The constitutional question should be simple:

does this CNPJ increase the Brazil Body-Territory or capture the Brazil Body-Territory?

The company that increases the Body-Territory generates dignified work, pays taxes fairly, adds technology, protects water, reduces carbon, improves the city, trains people, increases productive sovereignty, improves the IPB, and leaves a positive trace.

The company that captures the Body-Territory lives from opaque intermediation, tax benefits without return, public interest payments, privatization of strategic assets, precarization, export of cheap commodities, environmental destruction, political influence, and marketing of goodness.

Brazil needs a turn: less predatory CNPJ, more high-value-added company.

For this, the first change is to reveal the CPF behind the CNPJ.

Article 37-G — Every legal entity, fund, corporate chain, holding, patrimonial structure, concession, financial institution, beneficiary of subsidy, tax incentive, public contract, regulated operation, or relevant territorial control shall publicly identify its final beneficiaries, responsible natural persons, effective controllers, and relevant economic ties, observing personal data protection compatible with the public interest.

In simple language: whoever profits from Brazil needs to show their face.

The second change is to trace the public money that enters companies.

Article 37-H — Direct or indirect public resources allocated to companies, funds, banks, concessionaires, private organizations, or economic chains shall have full traceability, with identification of origin, destination, final beneficiary, social counterpart, territorial impact, and return to the Internal Product of Belonging.

In simple language: every public real needs to show that it improves Brazil.

The third change is to create the CNPJ Body-Territory Test.

Article 170-D — Companies that receive subsidies, exemptions, public credit, concessions, regulatory protection, strategic contracts, or privileged access to public goods shall demonstrate concrete benefit to the Brazilian Body-Territory, including dignified work, innovation, added value, productive sovereignty, emissions reduction, environmental protection, professional training, fair tax payment, and territorial strengthening.

In simple language: public privilege demands public return.

The fourth change is to separate productive companies from capturing structures.

Article 170-E — The economic order shall distinguish high-value-added companies, generators of innovation, dignified work, and productive sovereignty, from predatory economic structures based on financial capture, corporate opacity, precarization, environmental damage, territorial concentration, dependence on subsidies without return, and private transfer of public risks.

In simple language: producing is different from capturing.

The fifth change is to create personal responsibility inside opaque structures.

Article 173-A — The use of a legal entity, fund, holding, intermediary person, corporate chain, or equivalent structure to hide the final beneficiary, reduce accountability, capture public resources, defraud regulation, concentrate territory, or cause damage to the Brazilian Body-Territory shall result in personal responsibility for controllers, final beneficiaries, and public agents involved.

In simple language: a CNPJ cannot become a shield for national damage.

The sixth change is to protect the State from financial capture.

Article 164-H — Monetary, fiscal, credit, and regulatory policy shall observe its effects on the Internal Product of Belonging, productive sovereignty, the cost of public debt, financial concentration, national innovation, dignified work, and the capacity of the State to sustain social rights.

In simple language: interest rates, credit, and regulation need to serve living Brazil.

The seventh change is to direct credit toward high added value.

Article 219-E — The State shall prioritize credit, public procurement, guarantees, science, technology, innovation, and infrastructure for companies that produce high added value in Brazil, especially in health, education, clean energy, biotechnology, neurotechnology, semiconductors, healthy foods, sanitation, mobility, public artificial intelligence, servers, sovereign data, ecological restoration, and low-carbon industry.

In simple language: public money needs to push Brazil upward.

This transformation frees Brazilian production.

Today, much productive talent is compressed by a structure that rewards financial intermediation more than the creation of real value.

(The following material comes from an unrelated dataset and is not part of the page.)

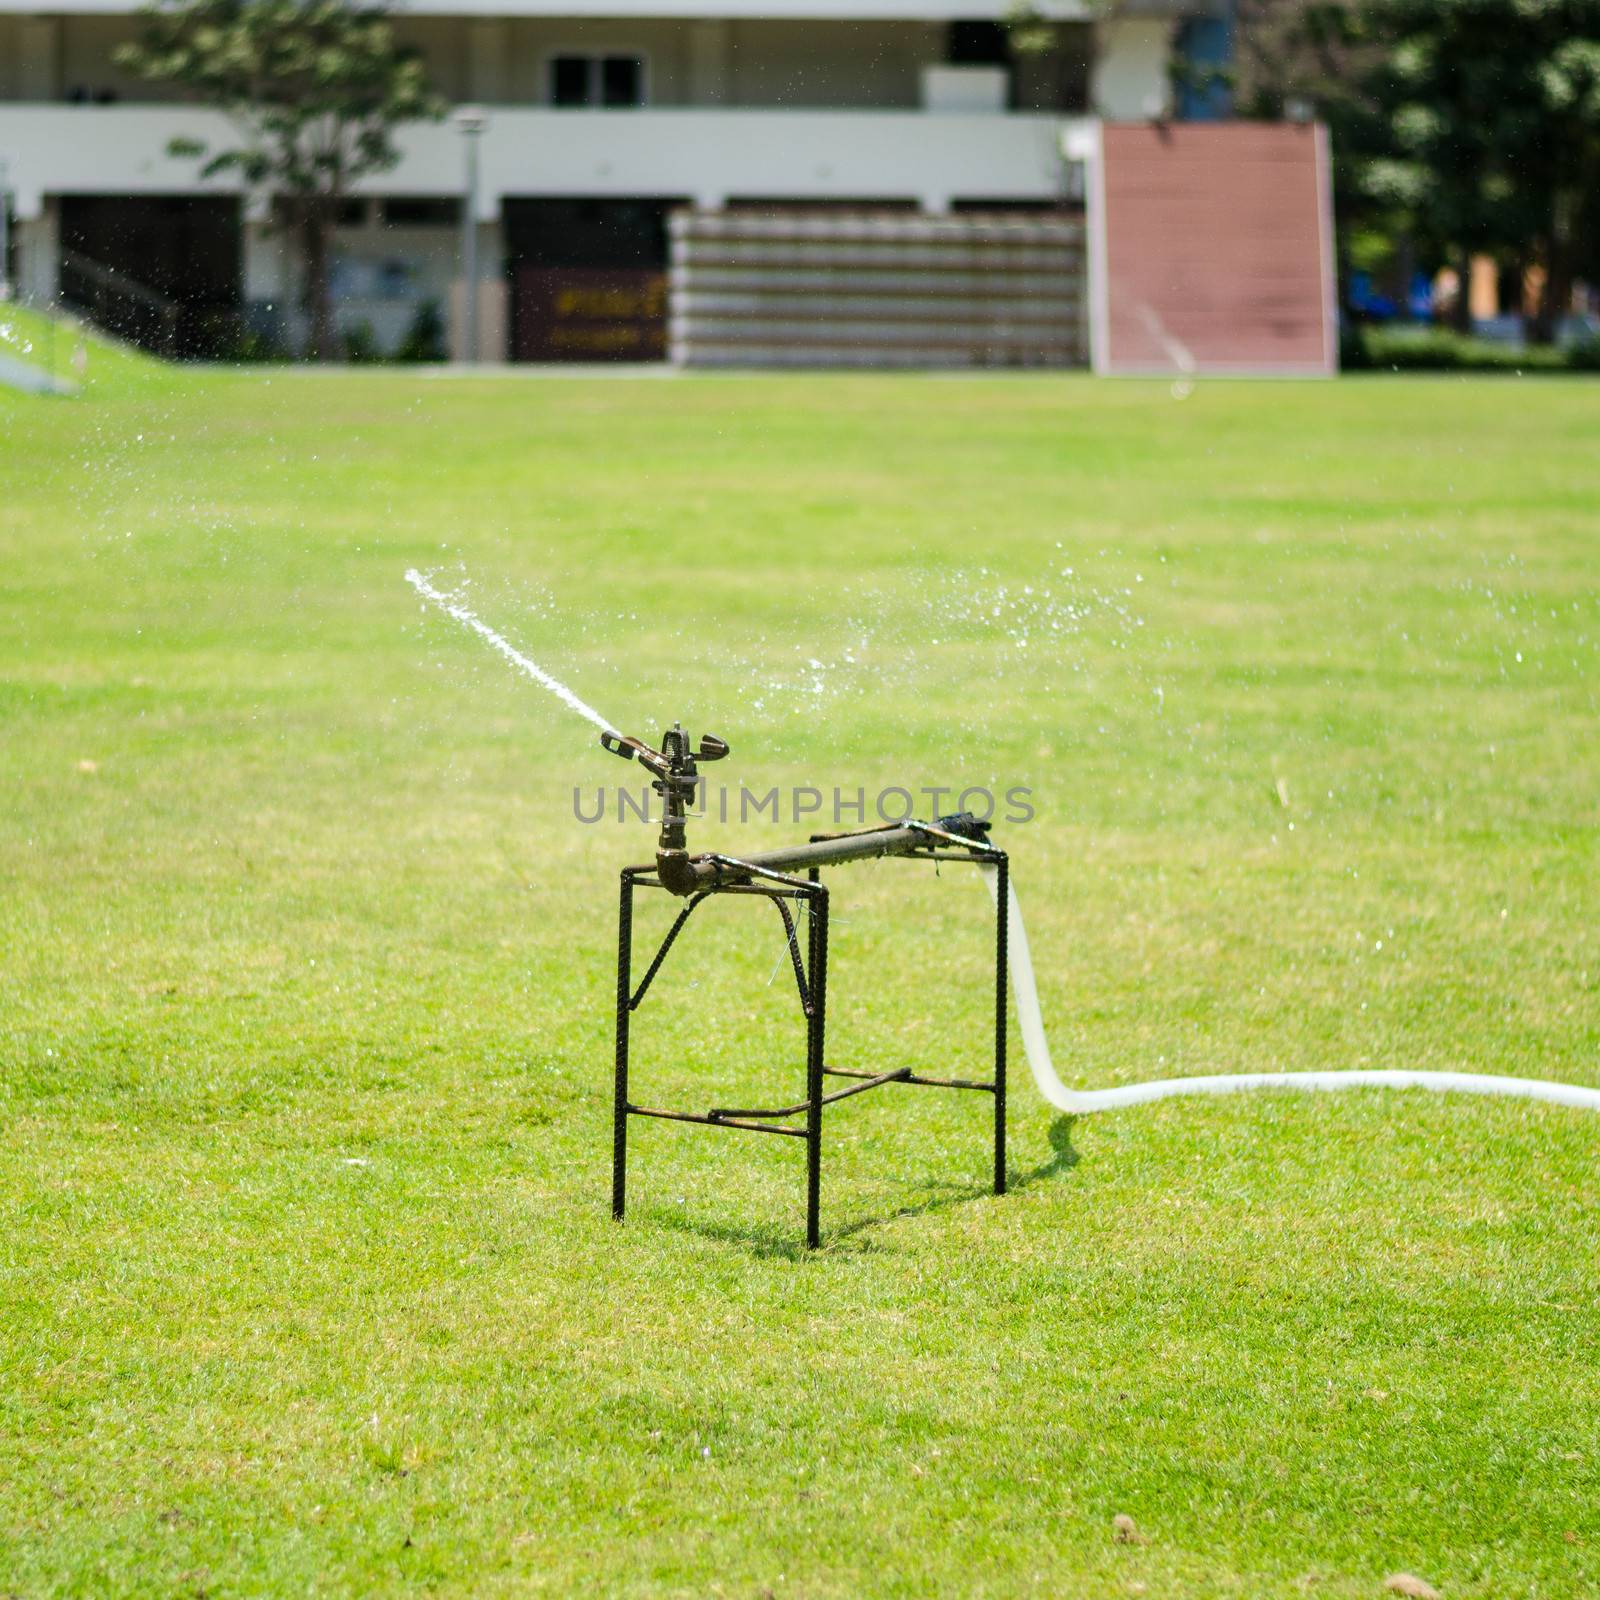 watering in football field by ammza12

The young entrepreneur pays dearly for credit. Industry suffers from high interest rates. The small company gets lost in bureaucracy. The worker gives away life time. The city loses revenue. The forest loses space. The State pays interest. And some capturing structures profit from the instability they help maintain.

The predatory CNPJ prospers when the State is opaque.

The high-value-added company prospers when the State is intelligent.

An intelligent State is one that knows who profits, who decides, who receives, who delivers, who destroys, who preserves, who innovates, and who returns value to the Body-Territory.

With DREX Citizen, Pix, public data, final beneficiary identification, traceability, smart contracts, social auditing, and IPB indicators, Brazil can create a new economic order: less capture, more living production.

The country needs to stop being a territory where a few CPFs hide behind many CNPJs.

Brazil needs to become a network of visible Body-Territories, responsible companies, and a sovereign State.

The company that produces life will have space.

The company that captures the State will have limits.

The company that adds value will be encouraged.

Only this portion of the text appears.